▸ **EXERCISE AIM**
The result should be the listing below restated word for word, with images left out.

▸ **DATA SEGMENT**
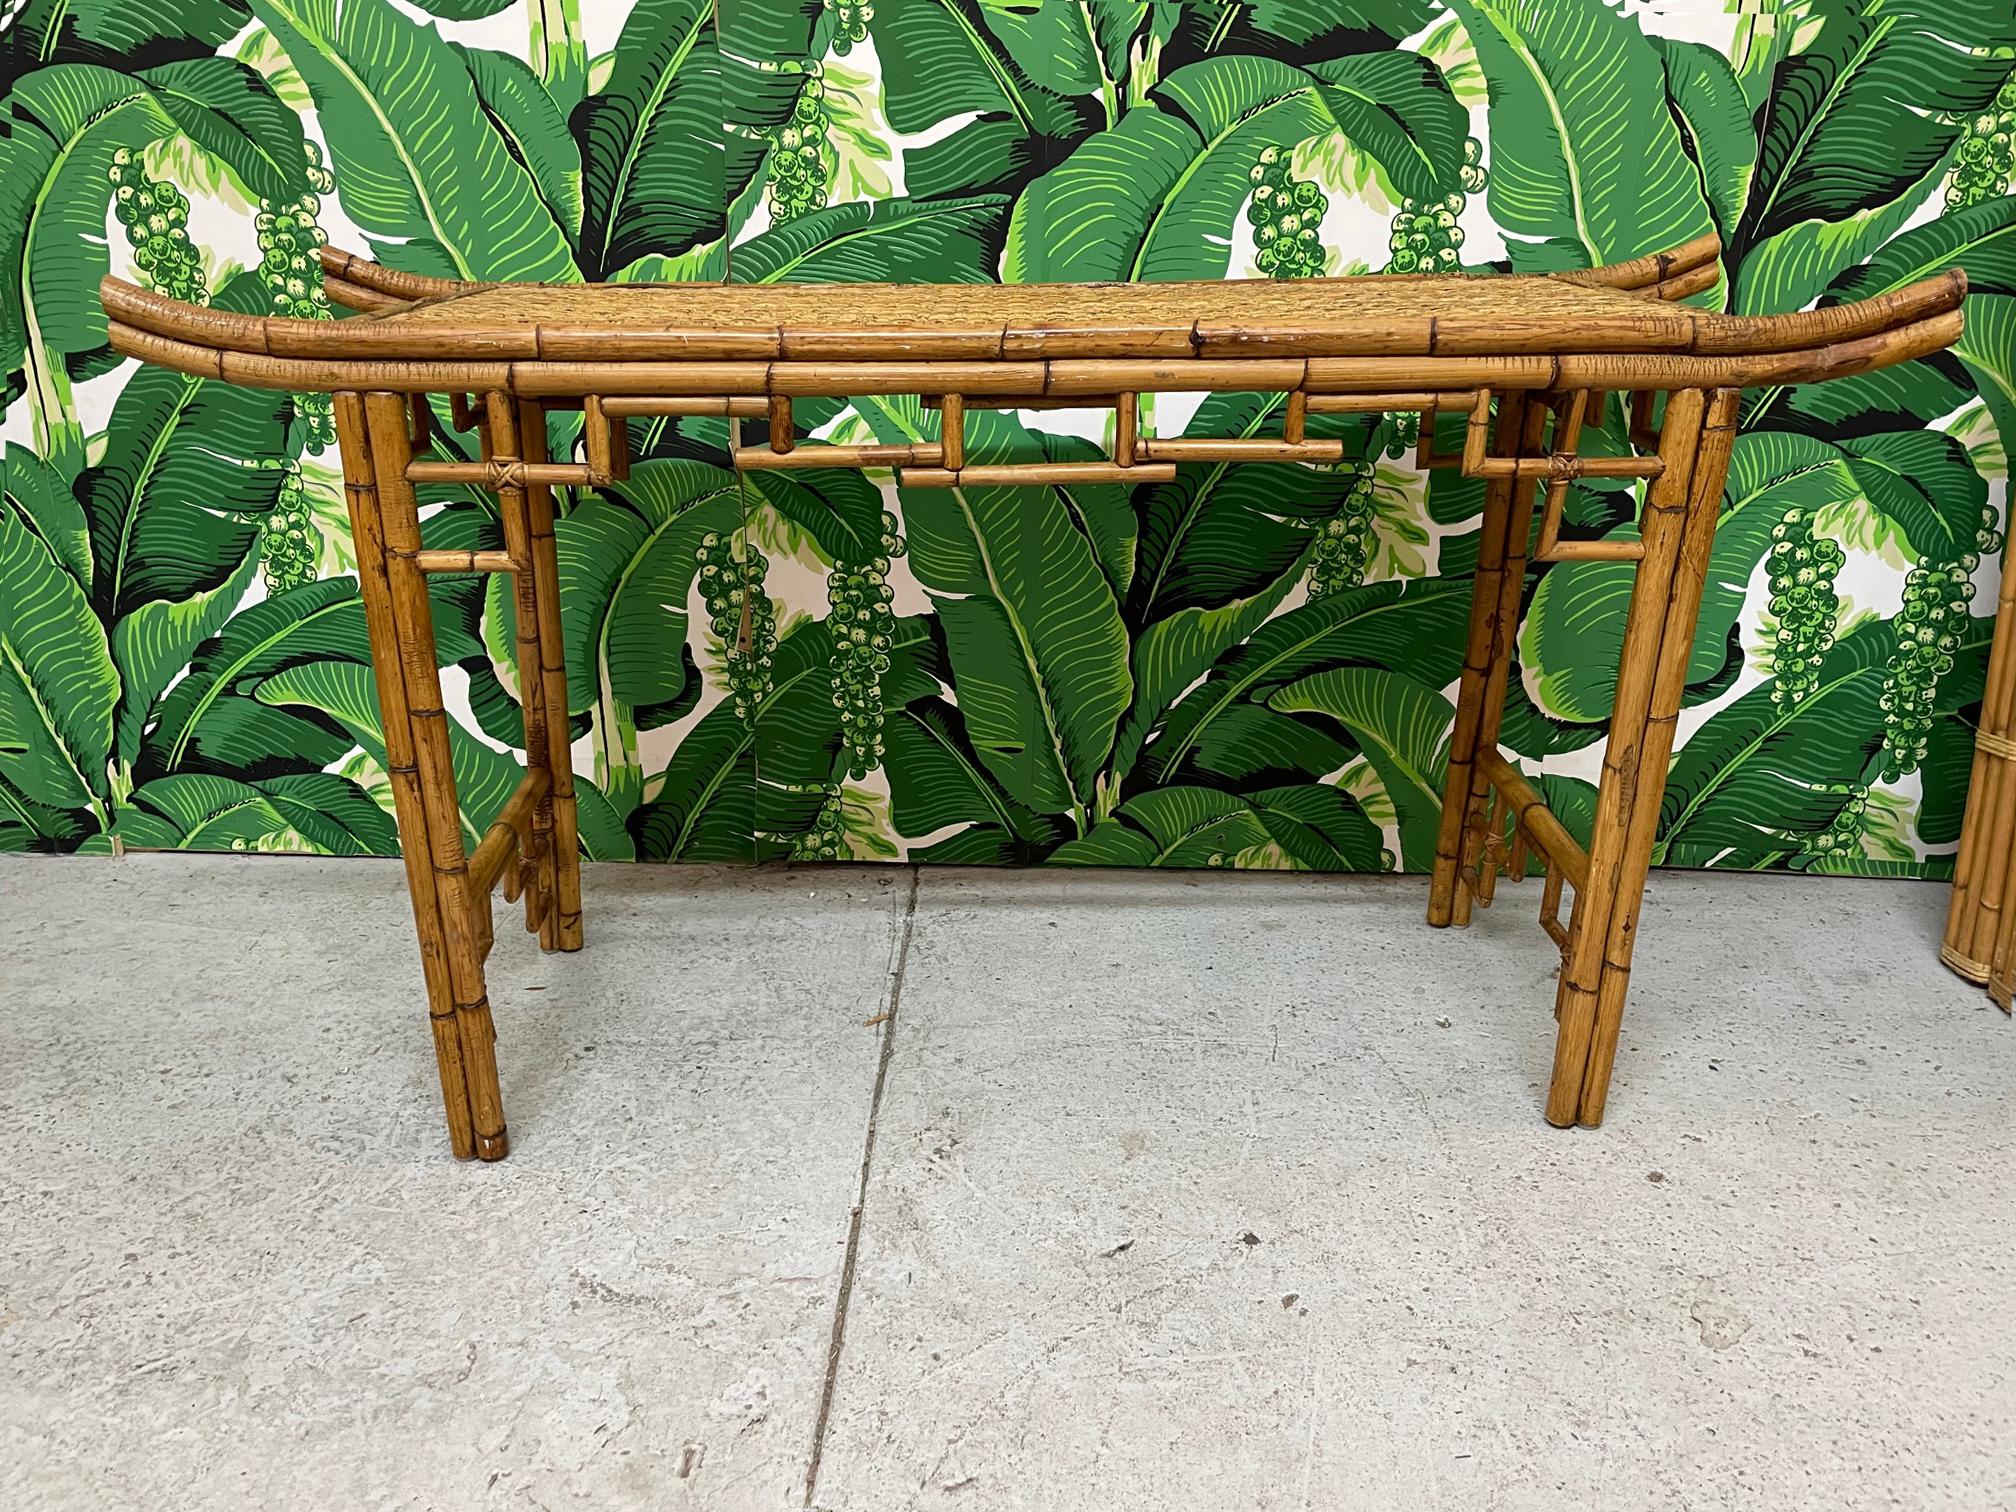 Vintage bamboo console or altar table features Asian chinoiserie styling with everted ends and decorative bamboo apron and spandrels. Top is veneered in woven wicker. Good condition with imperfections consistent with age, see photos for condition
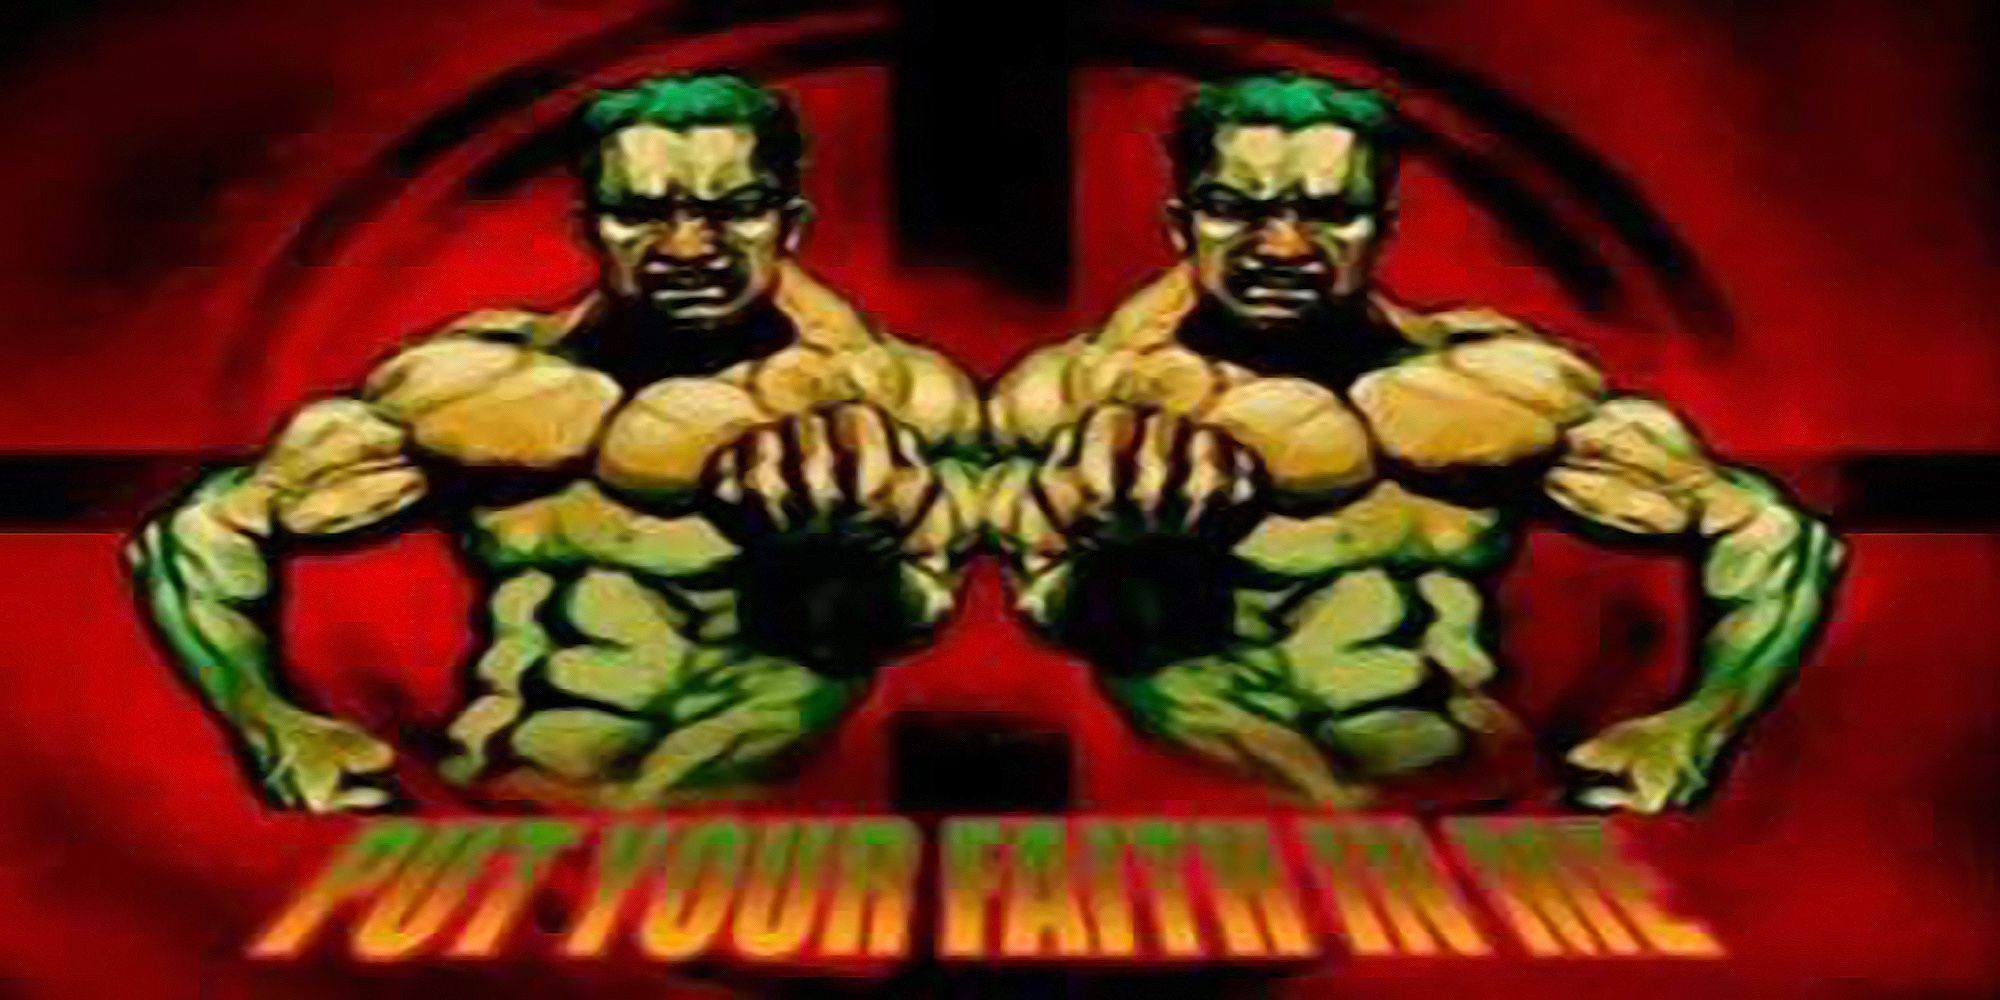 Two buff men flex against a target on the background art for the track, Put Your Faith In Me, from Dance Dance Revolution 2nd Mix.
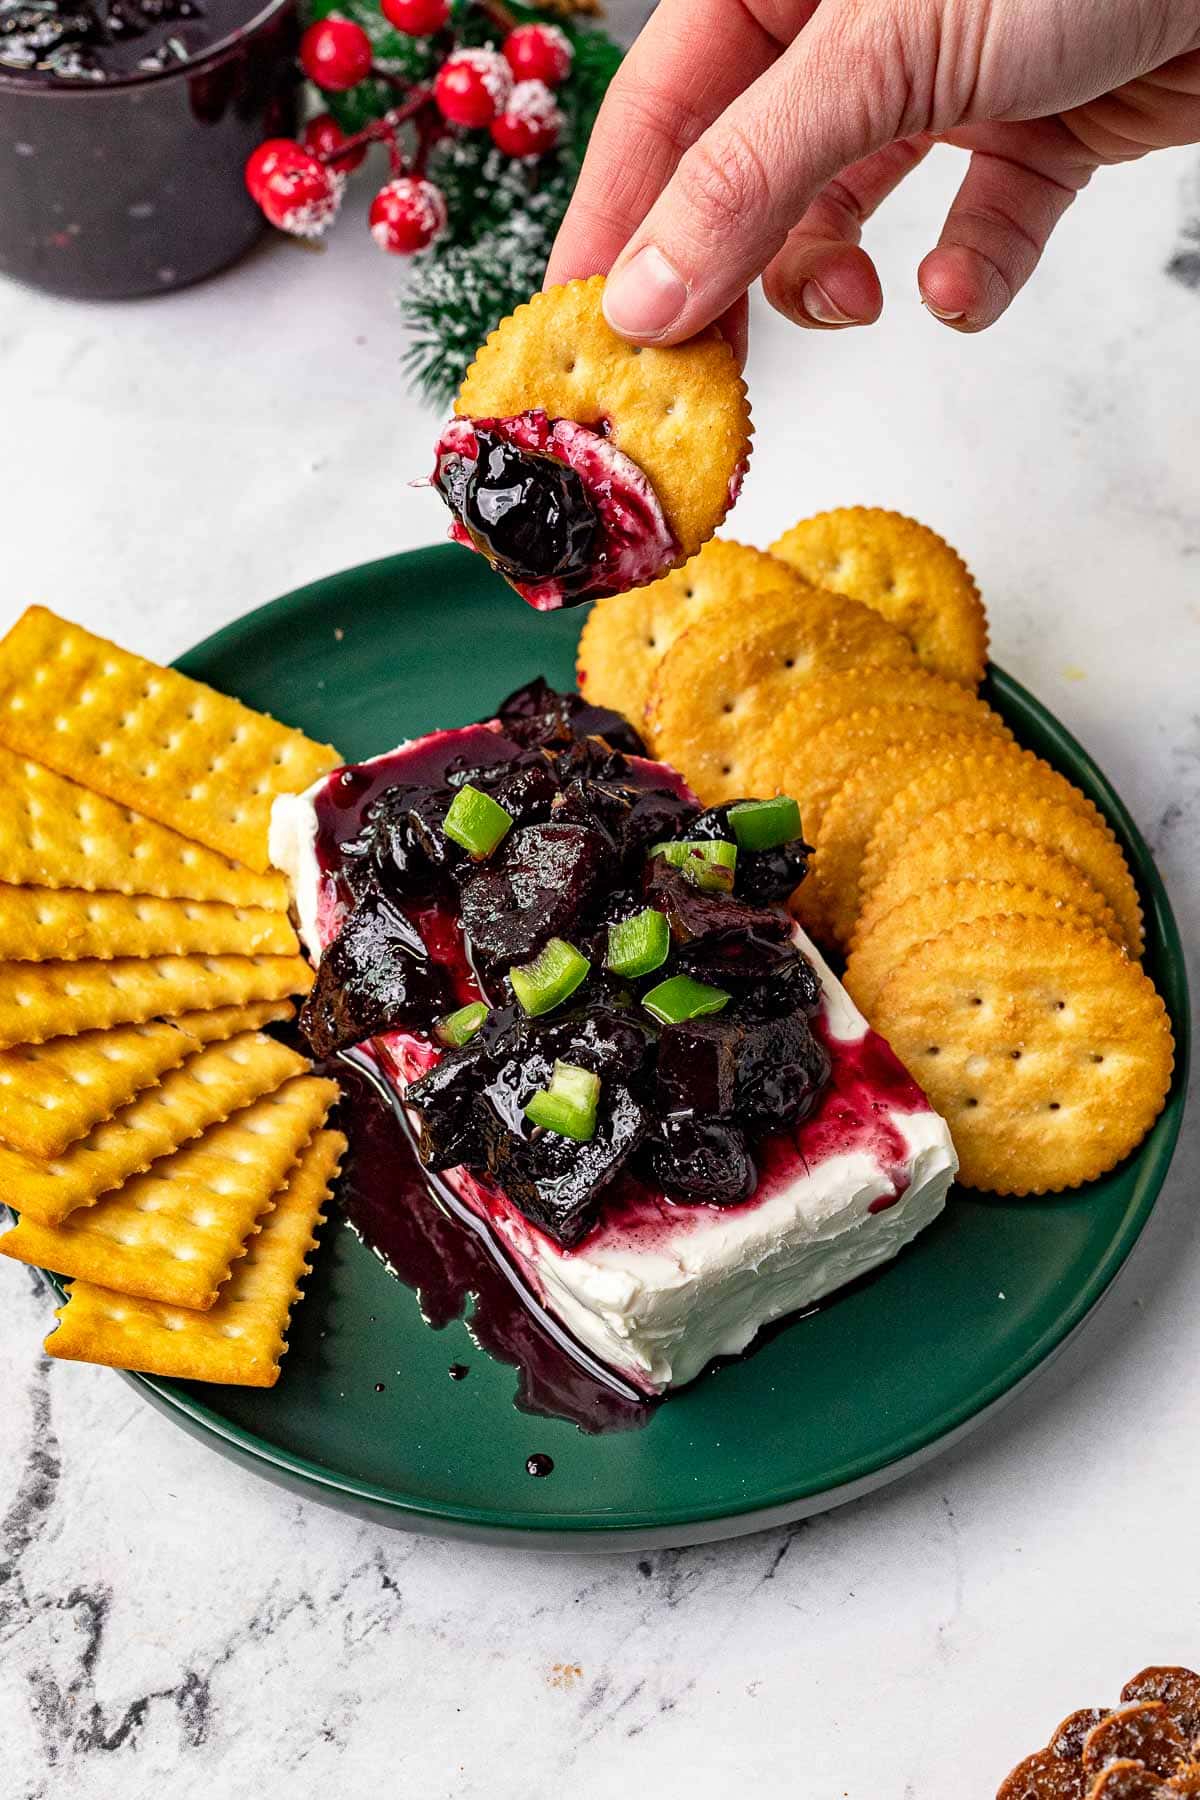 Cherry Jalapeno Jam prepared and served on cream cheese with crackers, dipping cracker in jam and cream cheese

▸ **EXPECTED ANSWER**
 Vintage bamboo console or altar table features Asian chinoiserie styling with everted ends and decorative bamboo apron and spandrels. Top is veneered in woven wicker. Good condition with imperfections consistent with age, see photos for condition
 Two buff men flex against a target on the background art for the track, Put Your Faith In Me, from Dance Dance Revolution 2nd Mix.
 Cherry Jalapeno Jam prepared and served on cream cheese with crackers, dipping cracker in jam and cream cheese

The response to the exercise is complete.